» **PROVIDED DATA**
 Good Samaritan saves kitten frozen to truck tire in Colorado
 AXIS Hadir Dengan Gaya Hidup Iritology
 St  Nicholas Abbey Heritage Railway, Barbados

* * *

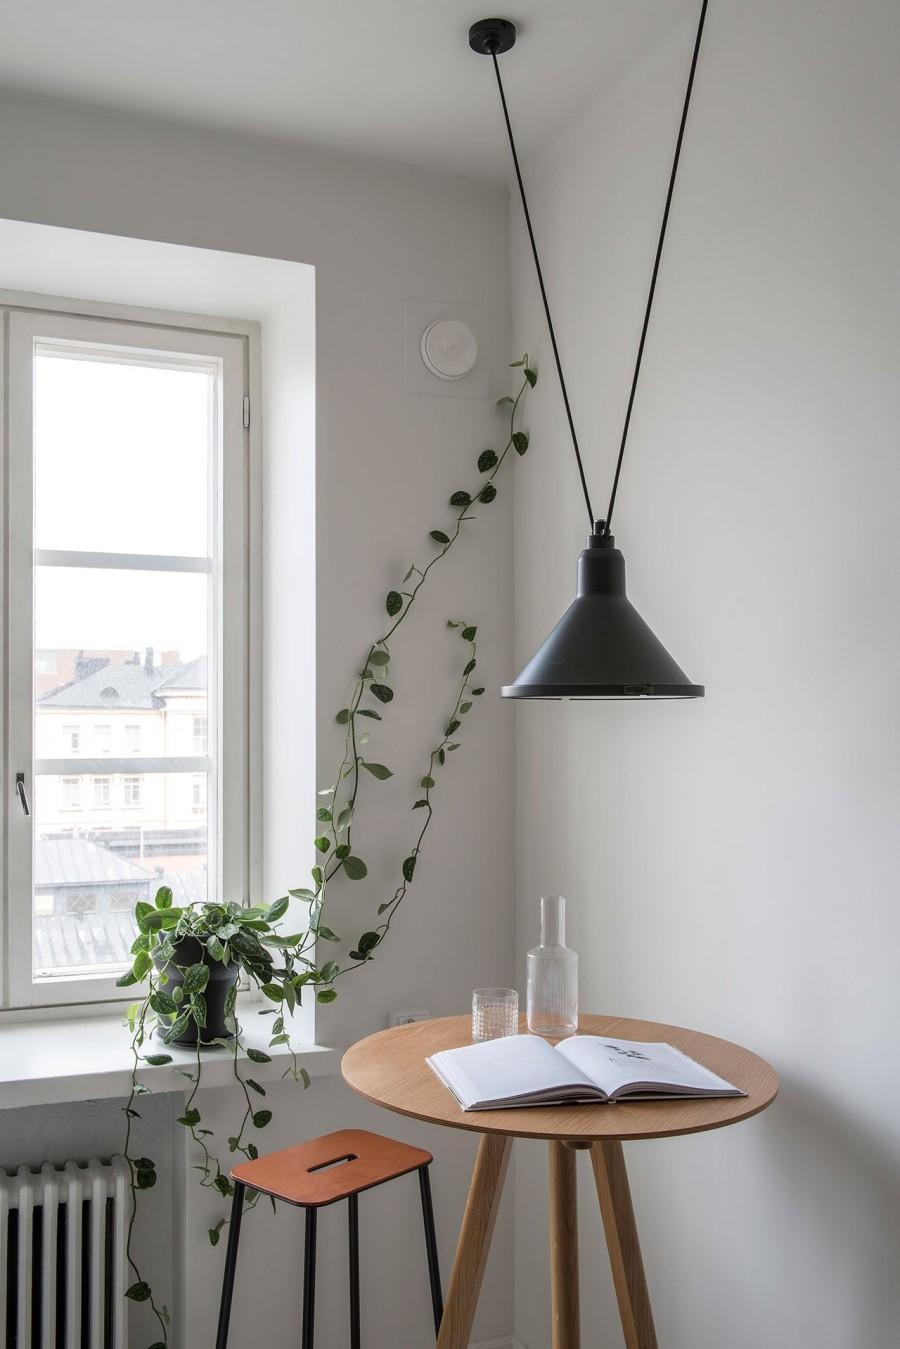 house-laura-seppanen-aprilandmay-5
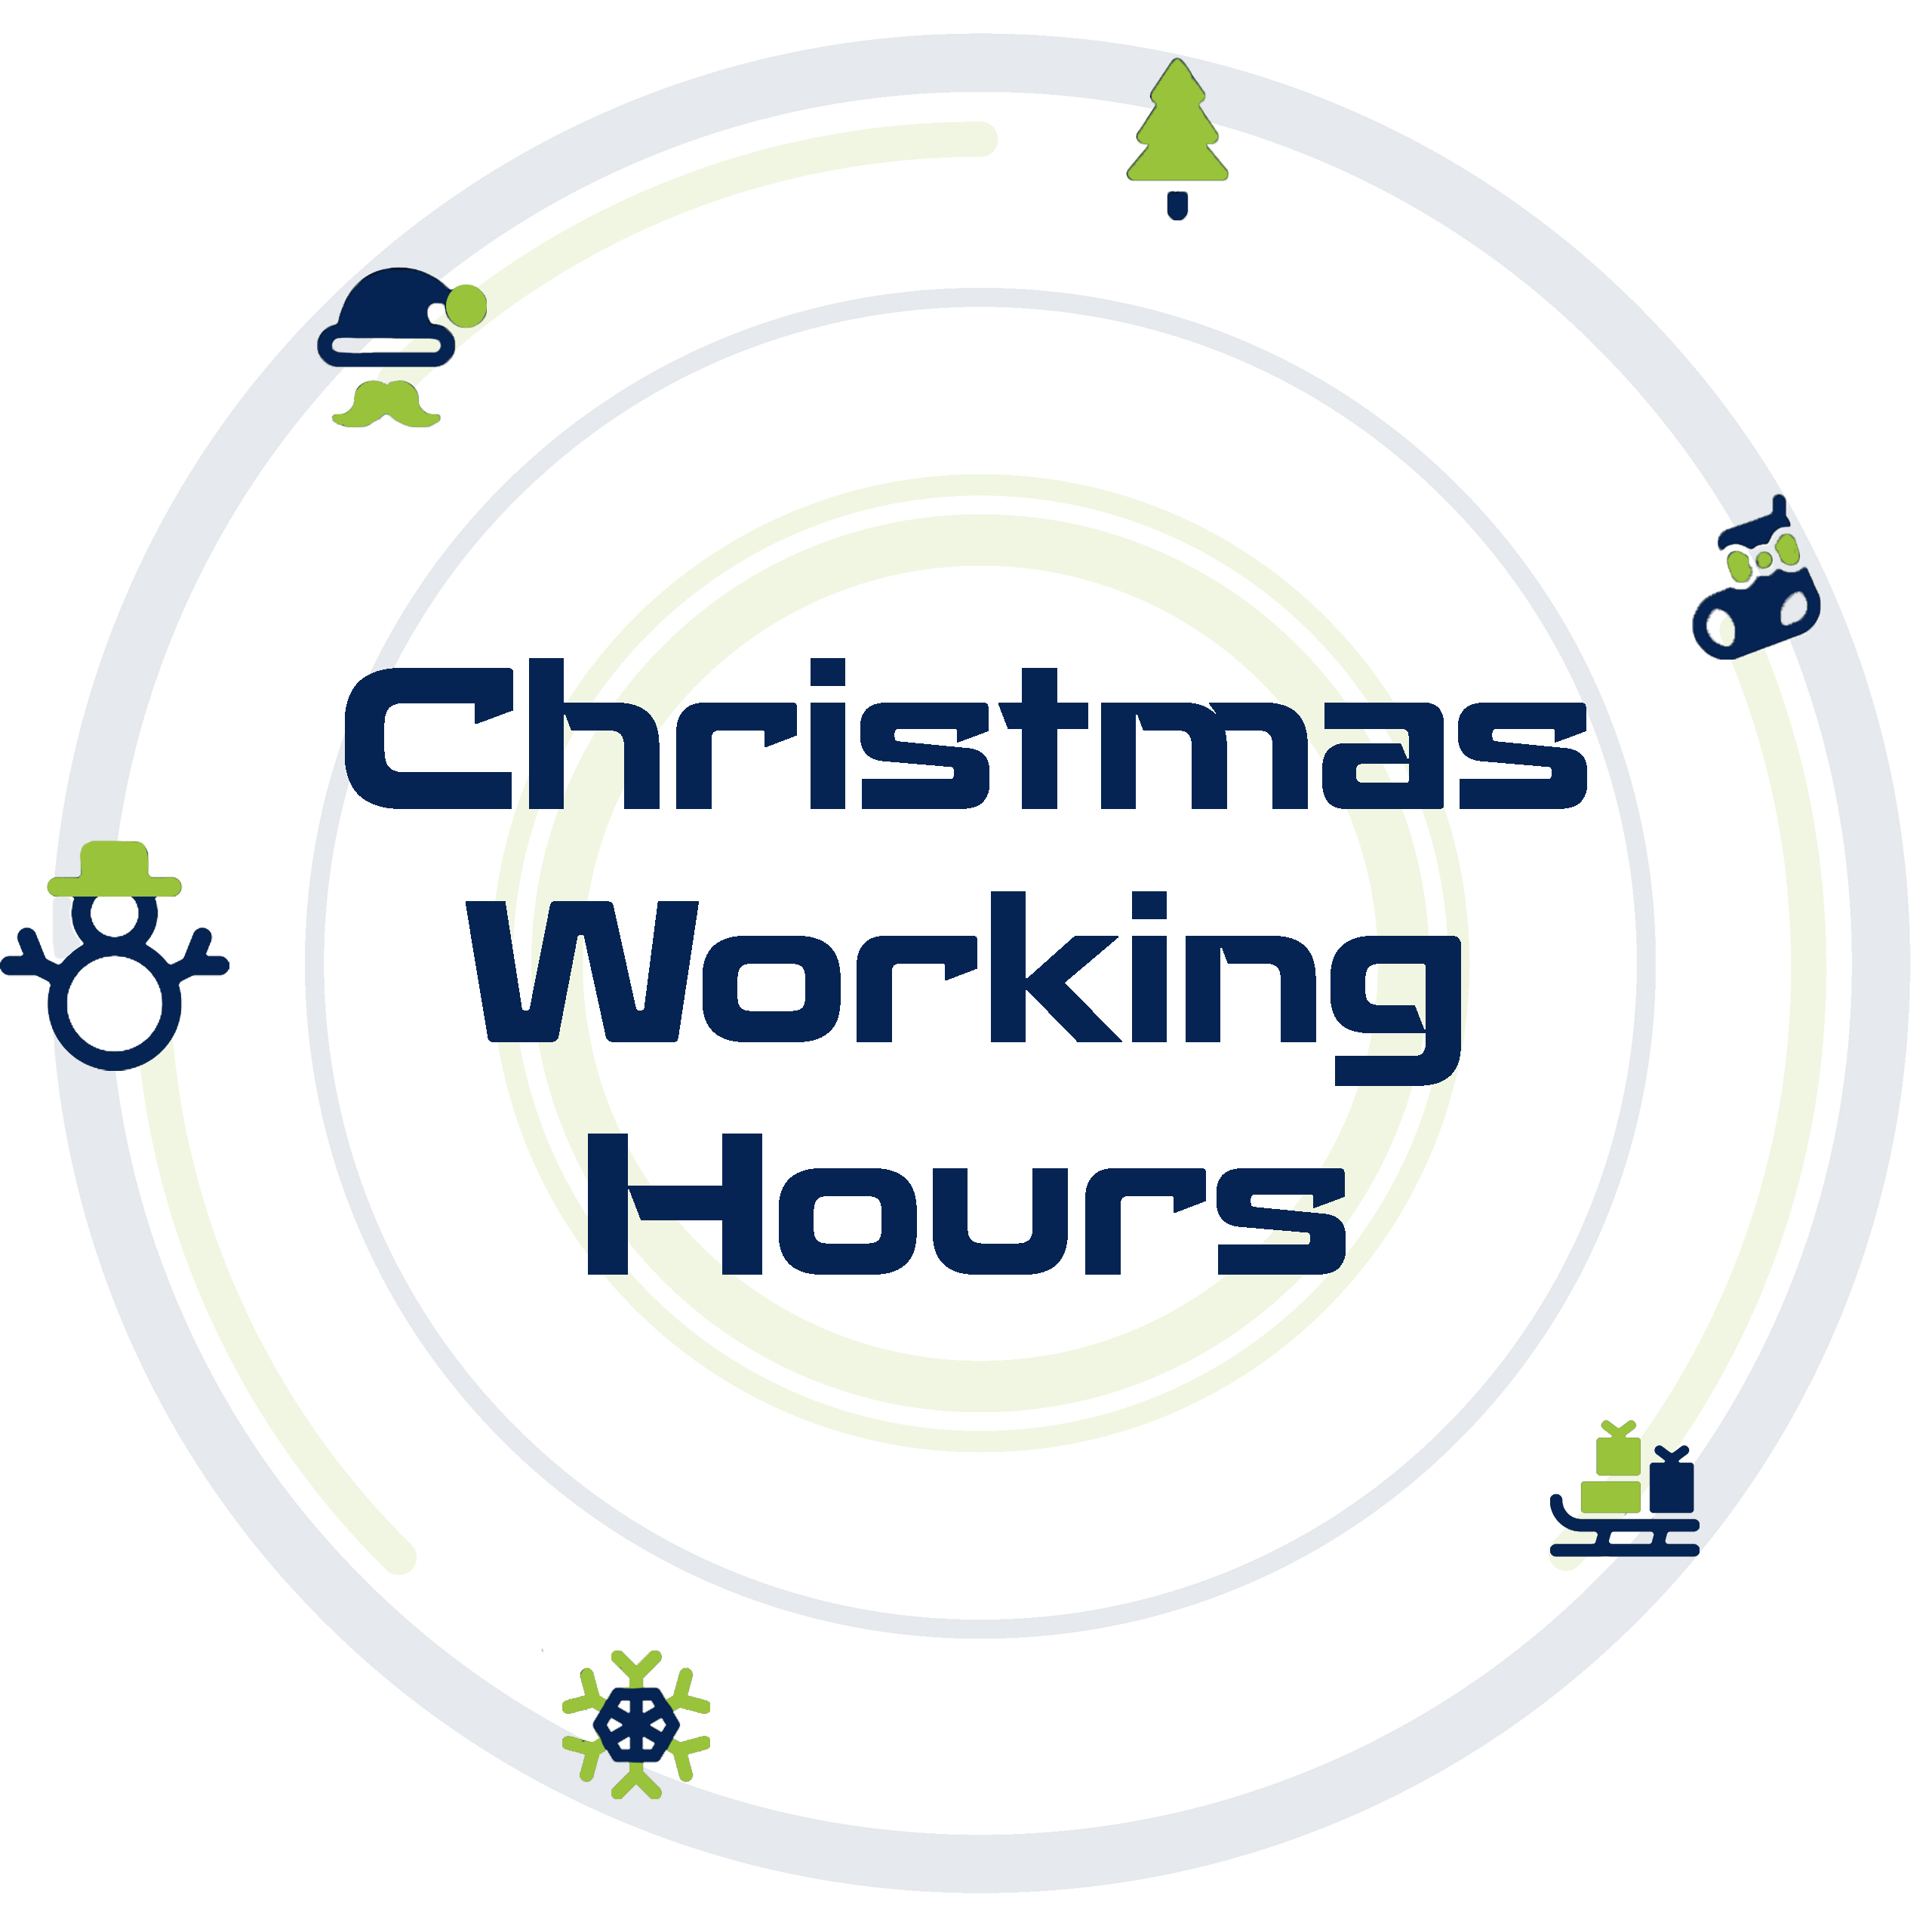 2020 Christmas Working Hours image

---

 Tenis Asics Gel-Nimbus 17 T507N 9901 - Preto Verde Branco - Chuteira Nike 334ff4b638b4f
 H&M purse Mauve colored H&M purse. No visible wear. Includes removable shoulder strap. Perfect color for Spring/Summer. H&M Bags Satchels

» **ASSIGNMENT**
Beginning with the line that has "Tenis Asics Gel-Nimbus" and ending with the line that has "H&M purse Mauve", set down the lines above exactly and include no others.

» **RESPONSE TO THIS TASK**
 Tenis Asics Gel-Nimbus 17 T507N 9901 - Preto Verde Branco - Chuteira Nike 334ff4b638b4f
 H&M purse Mauve colored H&M purse. No visible wear. Includes removable shoulder strap. Perfect color for Spring/Summer. H&M Bags Satchels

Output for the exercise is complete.